Final answer:
The question covers College-level Mathematics, focusing on probabilities for independent uniform random variables and requires integration over specific regions to find the probabilities P(X>Y) and P(Y^2+X^2>4), while P(Y-X>4) is zero.
Step-by-step explanation:
The student's question involves probability and specifically the calculation of probabilities concerning uniform random variables X and Y in the interval [0,4]. To find P(X>Y), P(Y-X>4), and P(Y^2+X^2>4), it is necessary to understand the properties of uniform distributions, the independence of random variables, and the methods to calculate probabilities for continuous random variables. The situation described implies a two-dimensional uniform distribution where the events are independent, thus the joint probability is the product of the marginal probabilities.

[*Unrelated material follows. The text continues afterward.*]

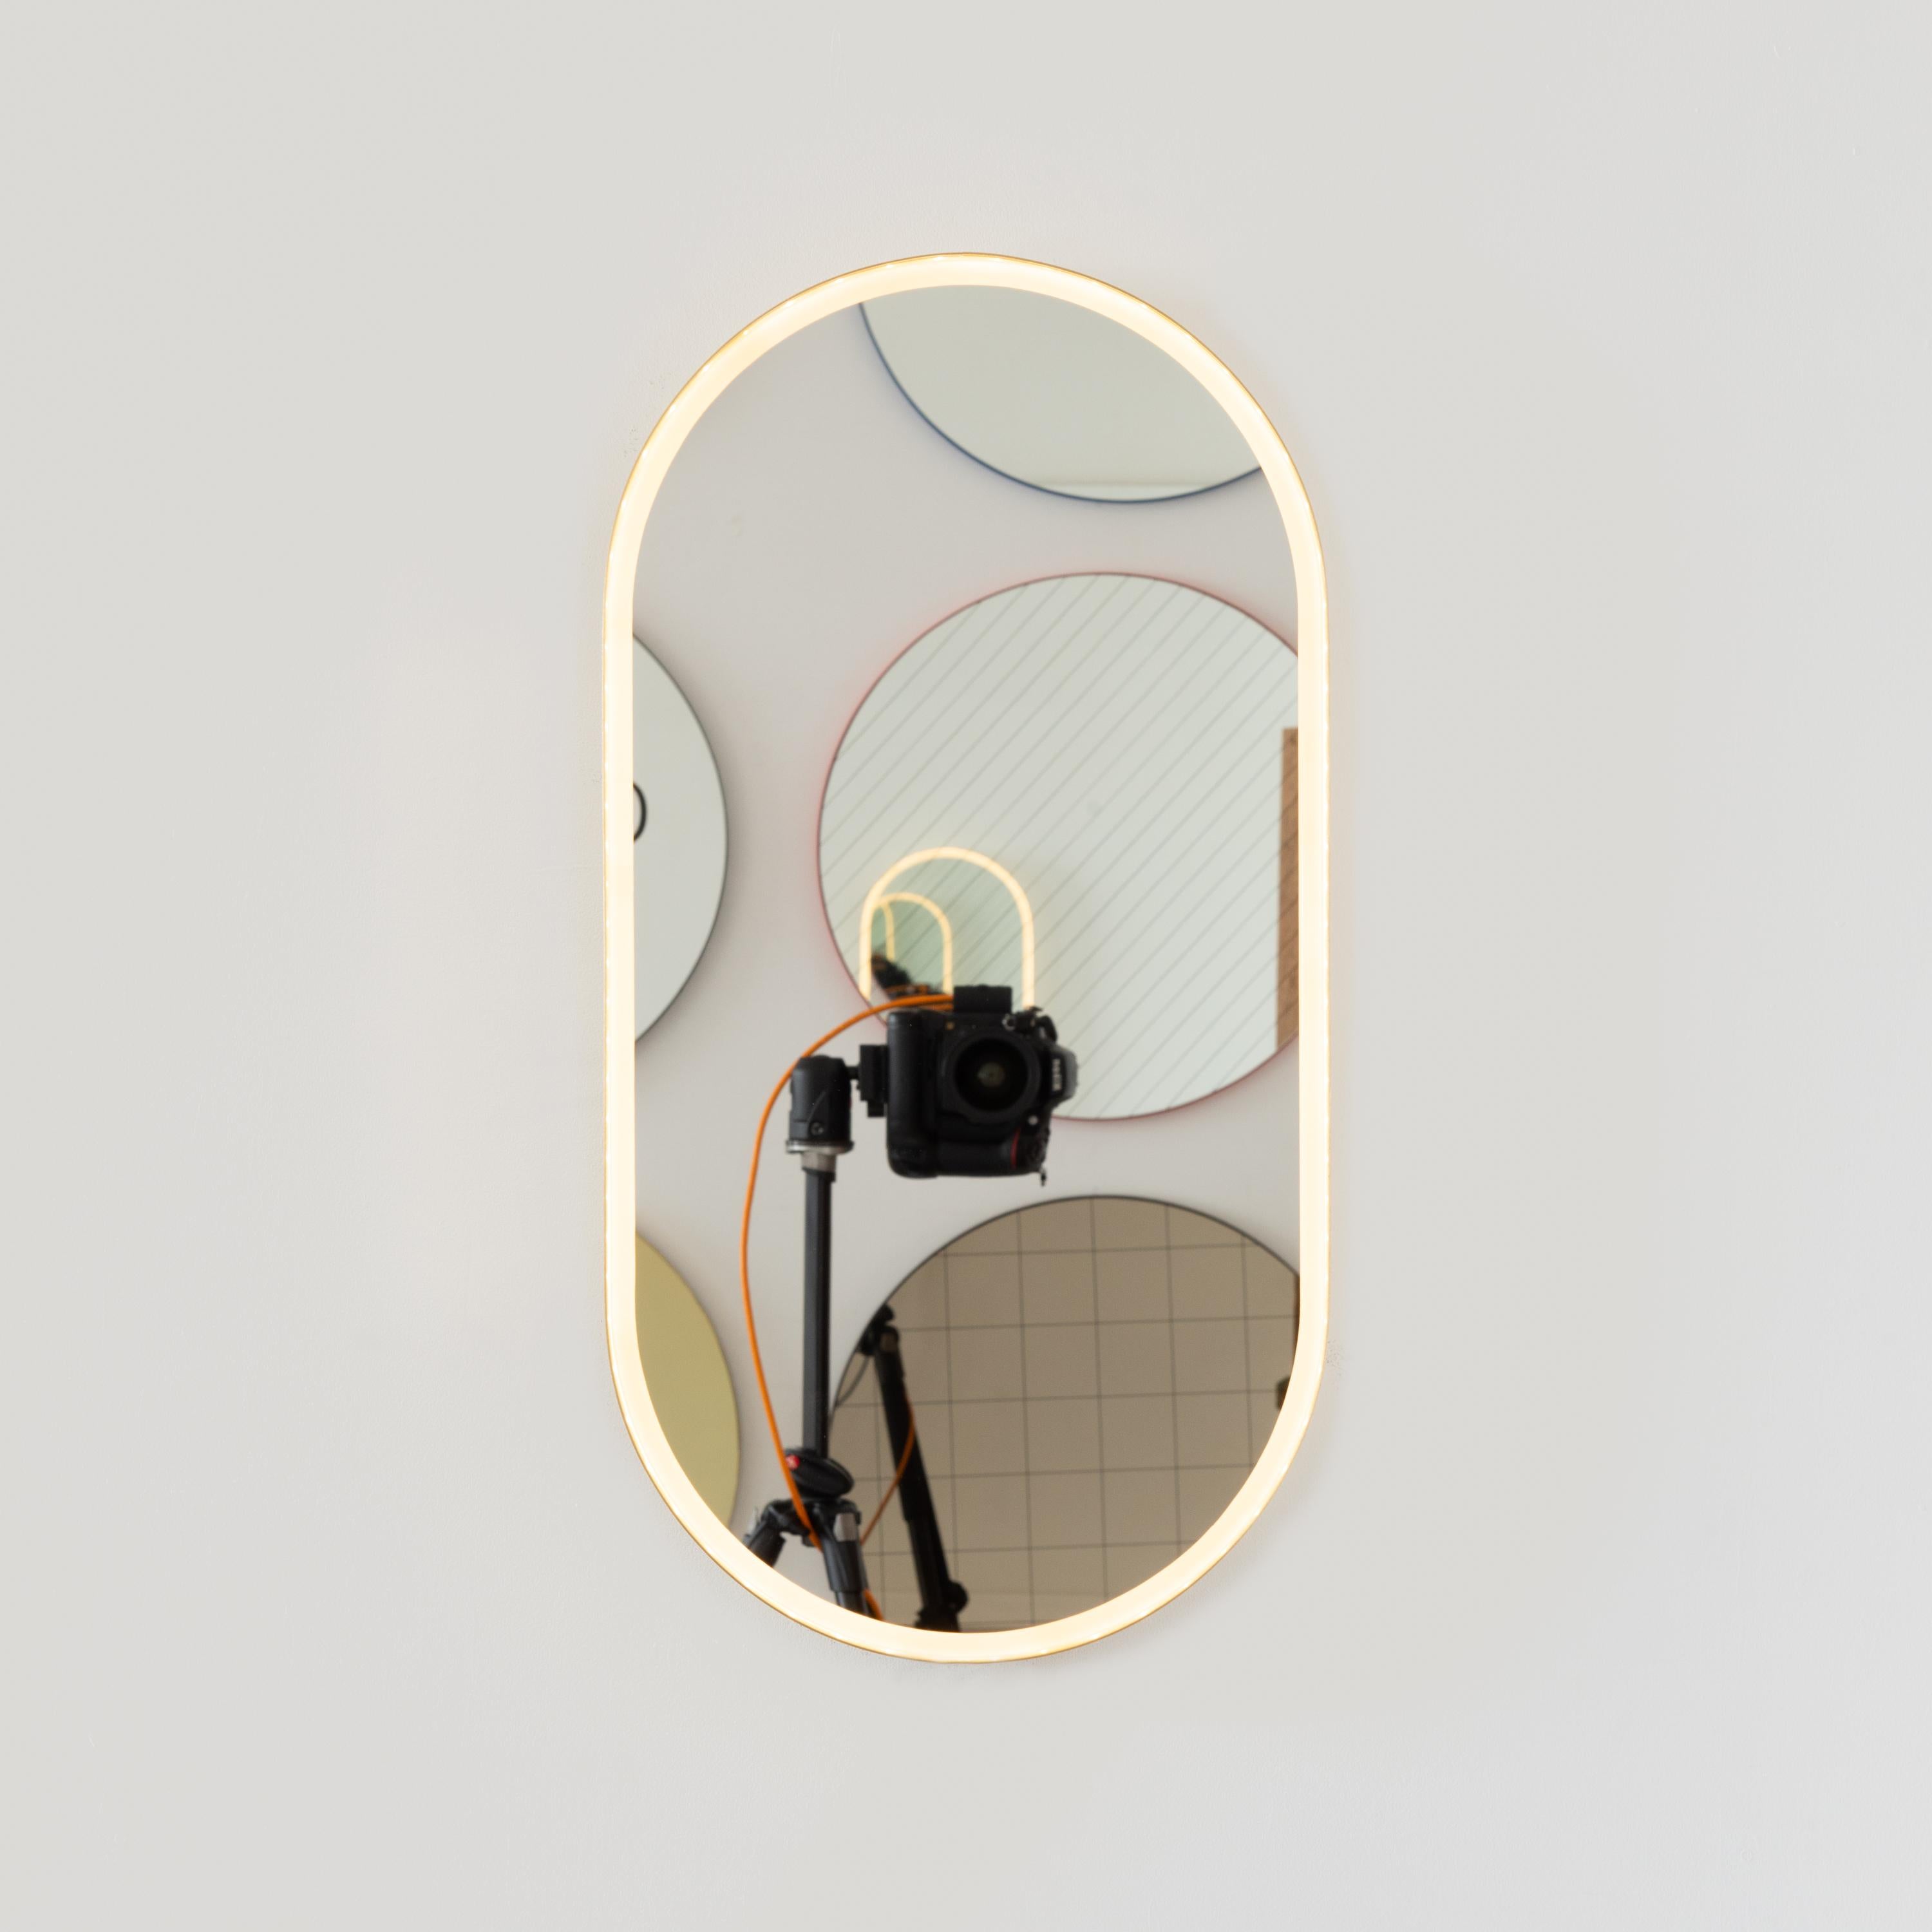 Modern handcrafted front illuminated capsule shaped mirror with an elegant brushed brass frame. Designed and handcrafted in London, UK.

Medium, large and extra-large (37cm x 56cm, 46cm x 71cm and 48cm x 97cm) mirrors are fitted with an ingenious

However, for P(X>Y), we need to evaluate the integral of the joint probability density function over the region where X is greater than Y. For P(Y-X>4), this probability is zero since the maximum value of Y-X given the specified range [0,4] for both variables would be 4. Lastly, to solve P(Y^2+X^2>4), we again use integration but this time over the region where the sum of the squares of X and Y is greater than 4, which is a circular region in the two-dimensional plane.
When dealing with independent events, such as X and Y, and when calculating probabilities involving inequalities (like X>Y), integrals over the relevant regions of the probability density functions are often used. For the other parts of the question addressed, there are typos that prevent accurate interpretation and calculation.